Keeping promises
Nepali labourers continue to be hoodwinked even after the gory incident of August last, 2004, when twelve Nepali workers met a gruesome end at the hands of ultras in Iraq. Because they were promised jobs in Jordan but ended up in war-torn Iraq, the public blamed the manpower agency which had promised the men work in Jordan for the killings. This attitude of some manpower agencies that assure good work positions and deliver the opposite, has continued to tarnish the image of the overseas employment sector as a whole. But ensuring the workers their promised wages has been a difficult job even for reputed agencies. Over five dozen Nepali youths working in Malaysia are now being paid only half the salary as agreed by their employers. One Nepali agency has even compensated those who returned from Malaysia after the workers were offered unsatisfactory wages. That is an indication that some agencies are coming of age. Labour rules stipulate that Nepalis cannot go to Mala-ysia unless they are guaranteed 473 ringgits per month but repo-rts are rife that they are working there for half as much salaries.
It has to be acknowledged that it is a difficult job to deliver at the other end what has been promised at home because middlemen often negotiate between manpower agencies and actual employers. But that has also been an excuse for those agencies who never had any intention of knowing what happened to those people that they sent overseas, after pocketing their share of the bargain. Last year’s public outpouring of anger and grief might have awakened a few agencies, but many have yet to mend their ways. While it will immensely help the manpower agencies to live up to their reputation, caring to see that their promises are delivered will mean winning the confidence of many job-seekers. Many unreliable manpower agencies seem to forget that it is the cardinal rule of business. If that is true for the law-abiding agencies, the unscrupulous ones need to be punished, for which, the government must take stringent measures.

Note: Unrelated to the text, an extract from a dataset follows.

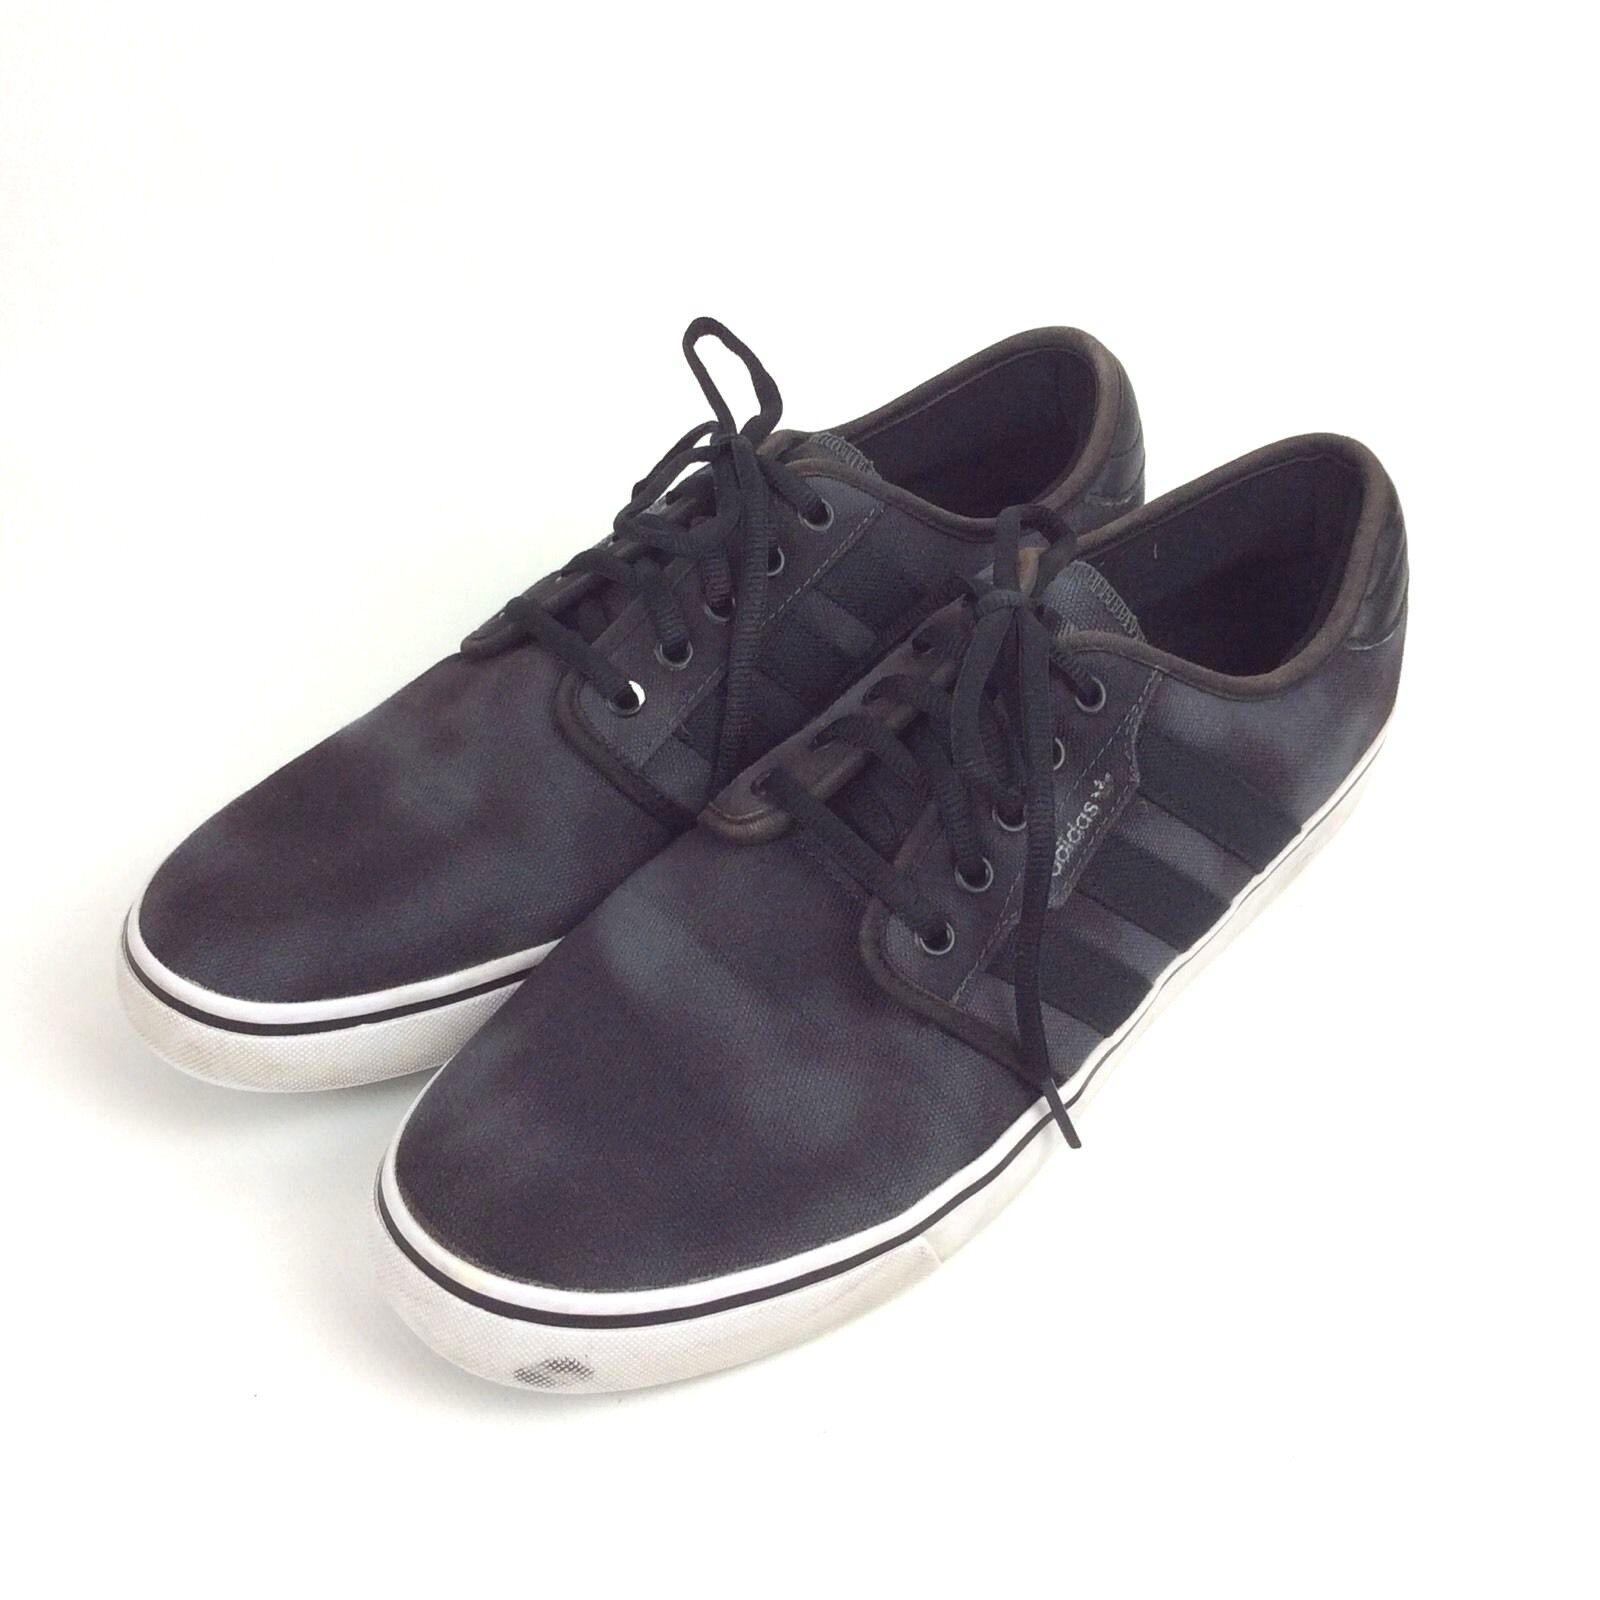 Adidas Eddie Van Halen Sneakers Sz 10.5 Black Gray Canvas EVH 791004 ART C76311 The most popular shoes for men and women

The findings of the probe team the Deuba-government appointed in the aftermath of September 1 rioting and its recommendations to make the employment sector credible, transparent and reliable have produced no results. Because remittances are vital for an economy which is sagging by all reckoning, it will be both wise and useful to ensure that overseas employment is made a reliable sector. If the manpower agencies need to seriously meet that challenge, the government must focus on sending trained and skilled manpower abroad. Bilateral and multilateral employment alliances besides strong diplomatic presence abroad would certainly yield results.